En revanche, il est fort à parier sur un sentiment unanime quant à la qualité sonore de l’ouvrage. Les divers intervenants ressortent bien à l’écoute, l’environnement a été remarquablement travaillé. Bastien Sablé derrière ses claviers nous fait part de créations d’orfèvre, d’une beauté frôlant l’excellence. Un peu plus d’originalité en provenance de la guitare de Damien Marco aurait pu être envisagée. Cette dernière monte immédiatement au front, mais il lui manquerait la parade, l’explosivité pour enfoncer les lignes comme le fait très bien Frank avec sa seule voix. Quoique l’instrument est parfois capable de prouesses et de bonnes sorties. Nous pourrons ainsi retenir son solo très Helloweenien sur « Unfold Legend ». Mais hormis cette prestation, la guitare se montre assez discrète, même sur ce titre façonné à la manière d’un « Rhapsody ». « Operadyse » n’aura pas lésiné sur la dose d’épique. Sur le morceau « Pandemonium », on en rajouterait en quantité. A tel point, que l’on associera cet éponyme aux derniers travaux de « Fairyland ». La correspondance entre les deux formations françaises doit surtout à l’utilisation des chœurs guerriers, sur cette piste seulement. « Operadyse » songerait presque à subtiliser la couronne du baron Philippe Giordana.

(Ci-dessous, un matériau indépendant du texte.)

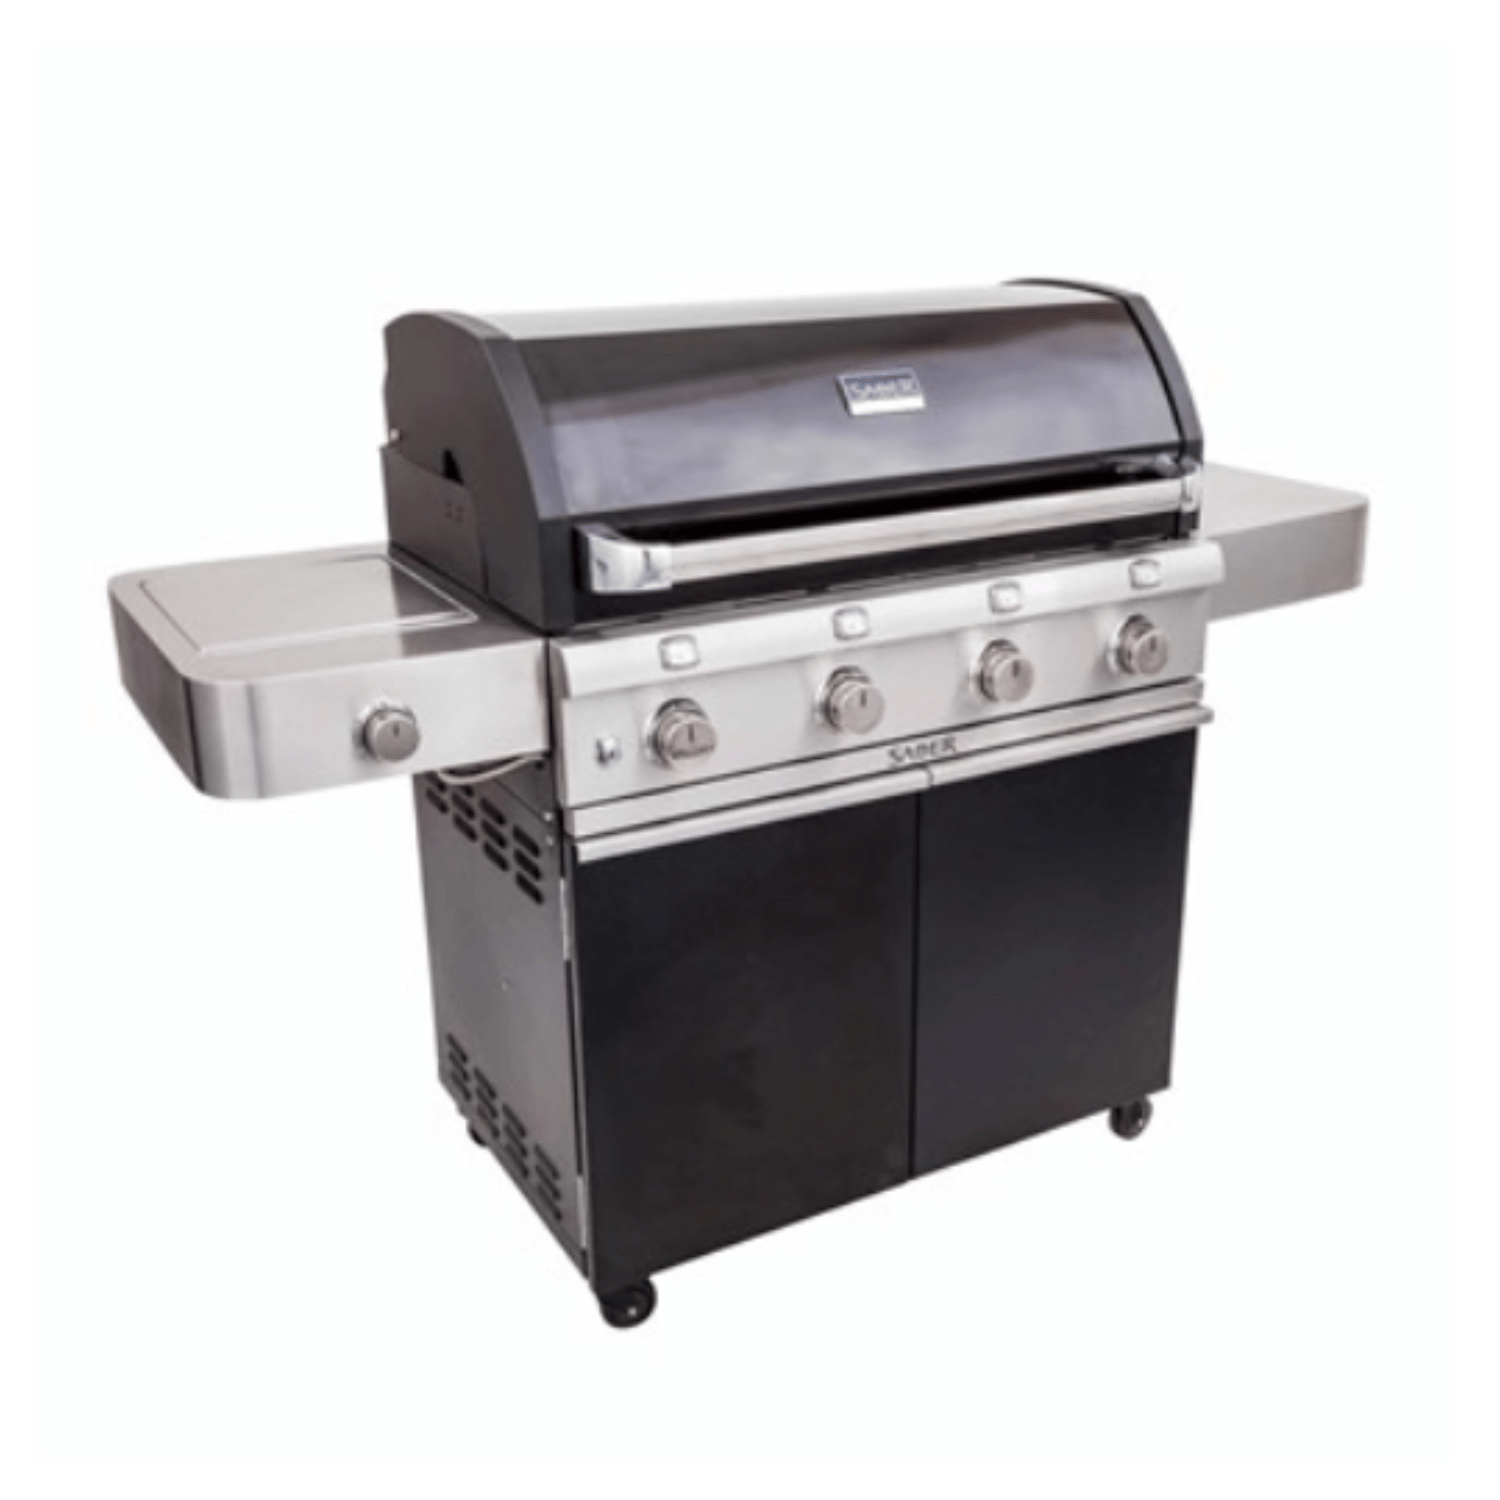 Barbecue Deluxe 670 – Saber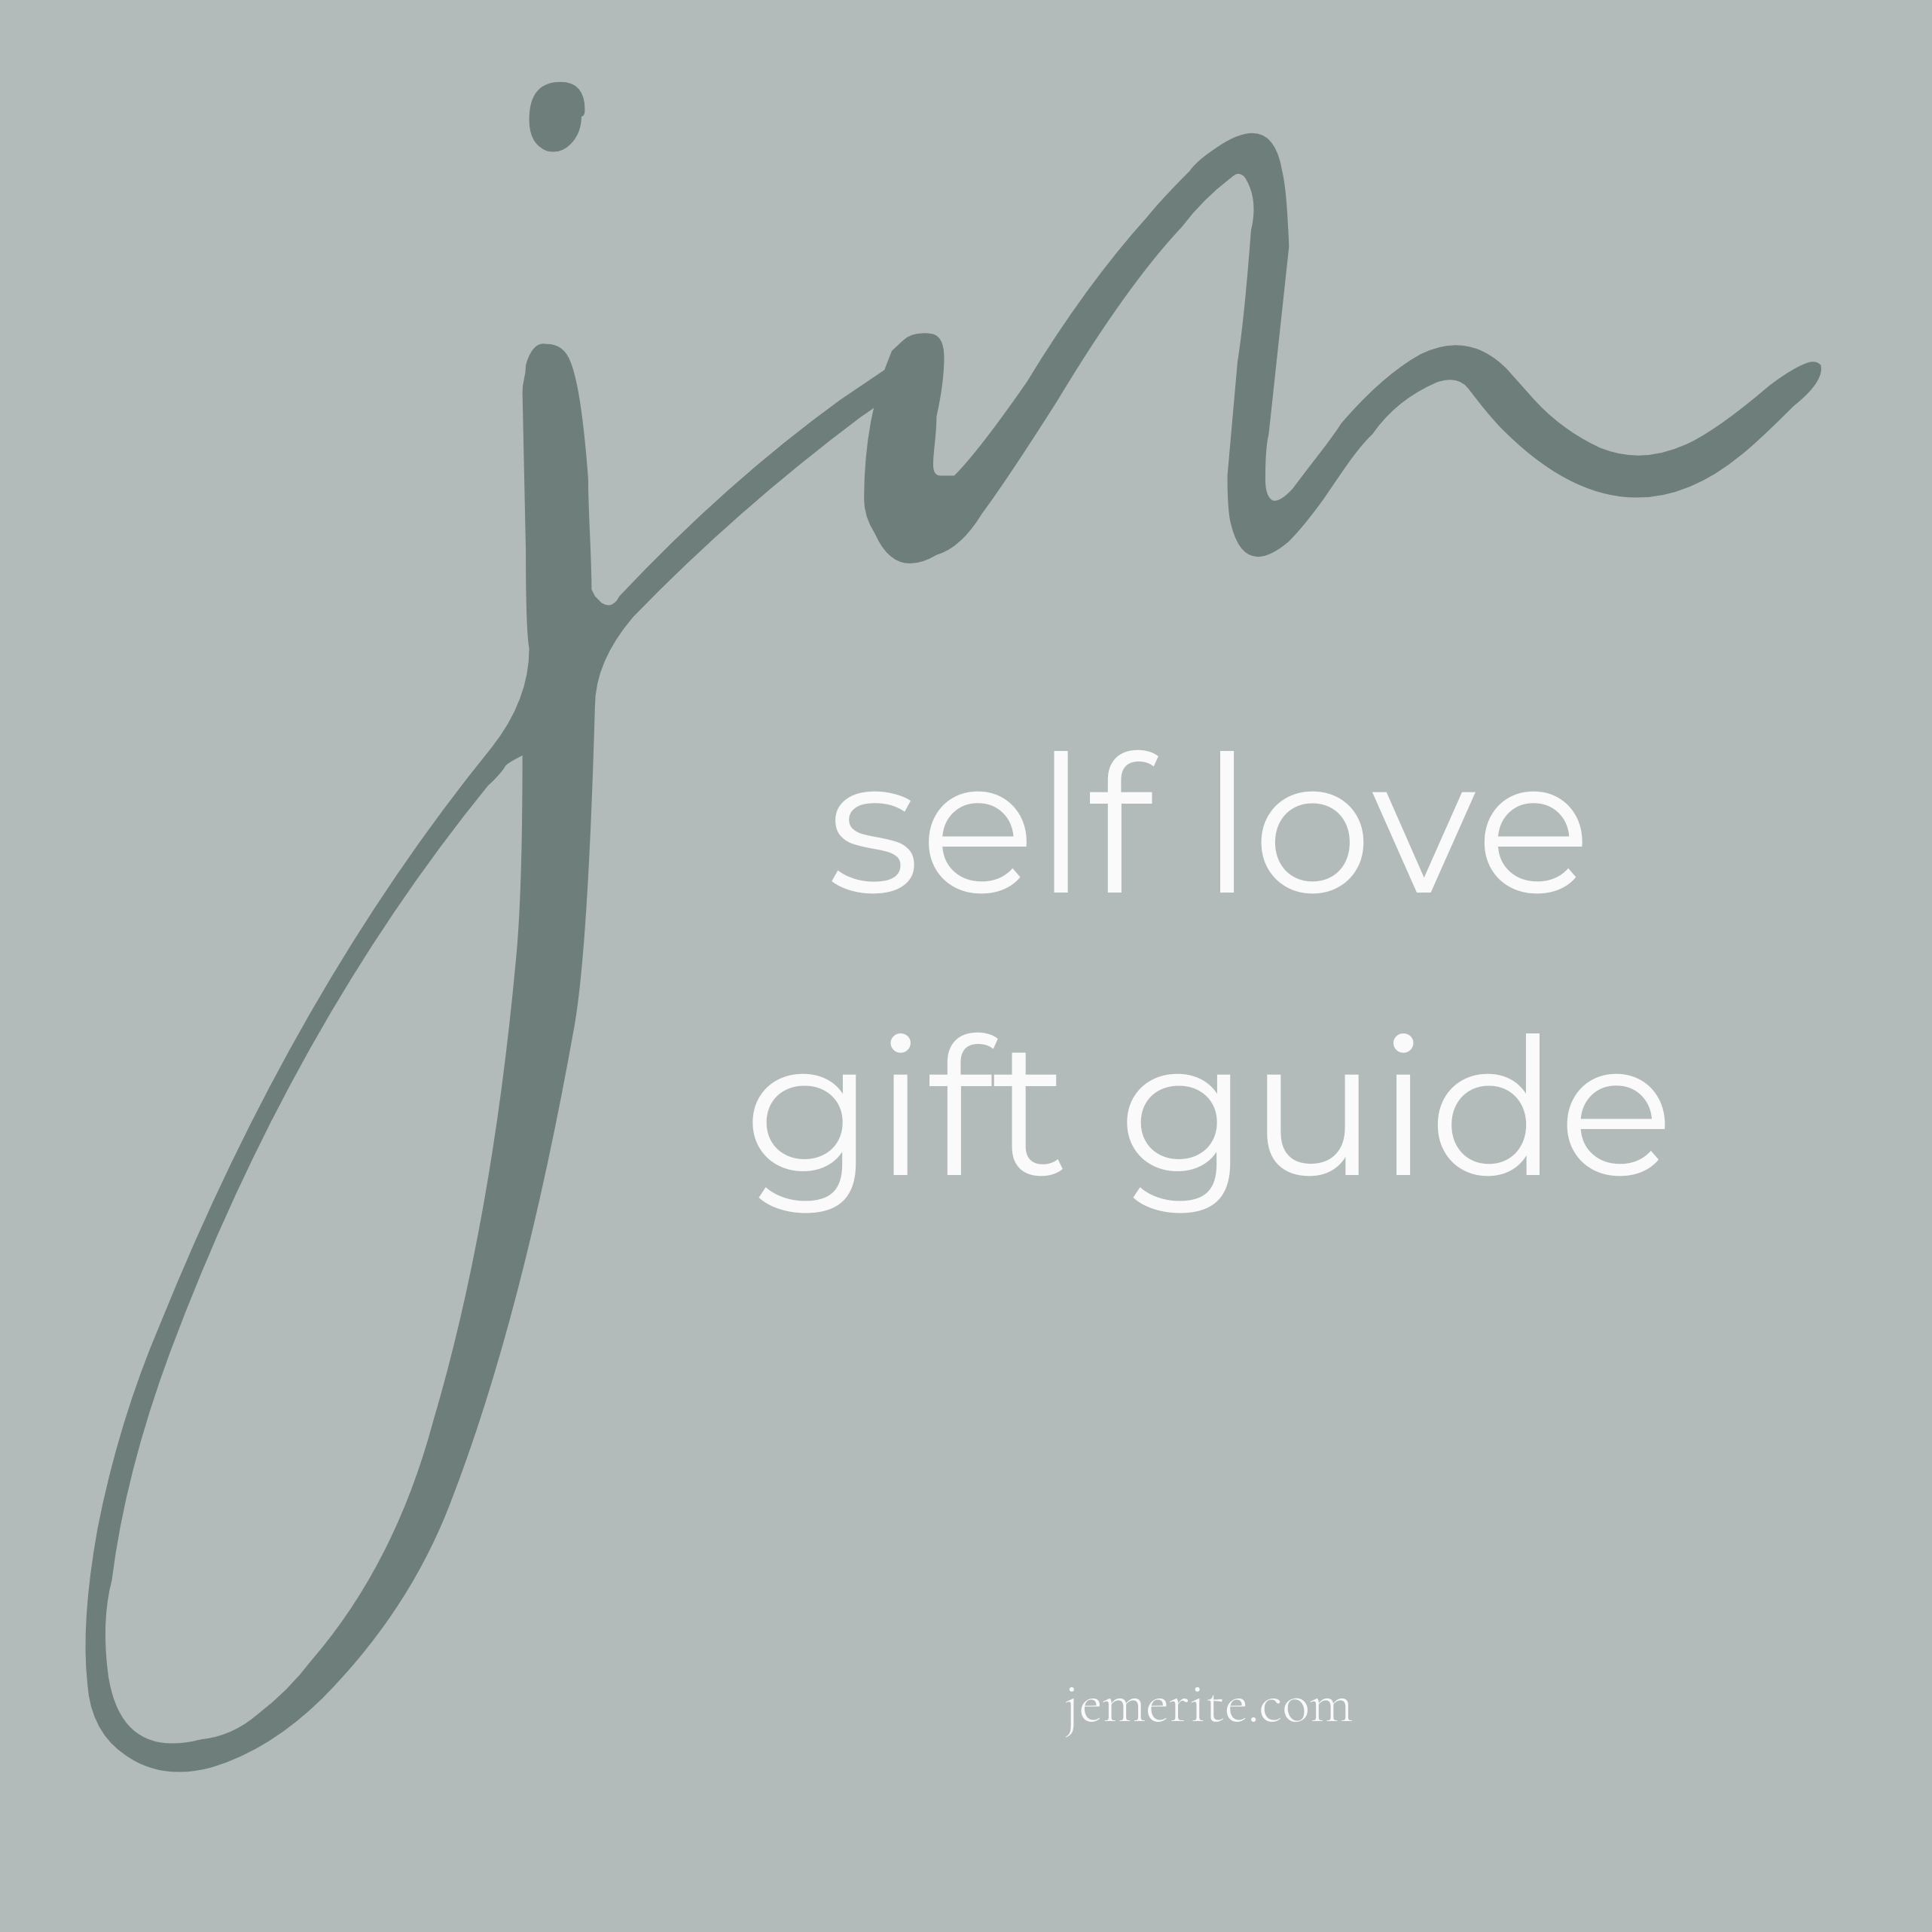 Hey You, The Self Love Gift Guide You've Been Waiting For, From Je Mérite

Le metalleux n’éprouve aucune difficulté à représenter l’enfer. Mais qu’en est-il du paradis ? Que l’on soit croyant ou non, là n’est pas le problème. Dur de concevoir quelque chose d’à peine entrevu dans la réalité. Certaines pièces de power symphoniques nous aideront à ne pas rendre copie blanche. On songera naturellement à « Rhapsody Of Fire », mais aussi aux français « Fairyland » et « Operadyse ». Bien que le dernier cité ait en vérité un fort penchant pour le power énergique et ultra-mélodique de « Sonata Arctica ». Une proximité qui a son effet sur les fans de la période glorieuse des finlandais, celle du début des années 2000. Une période aujourd’hui rejetée, mais tellement de fois reproduite. La nostalgie ne trompe décidément personne. Le pandémonium d’« Operadyse » se retrouve à l’abri des enfers, dans nos plus beaux souvenirs.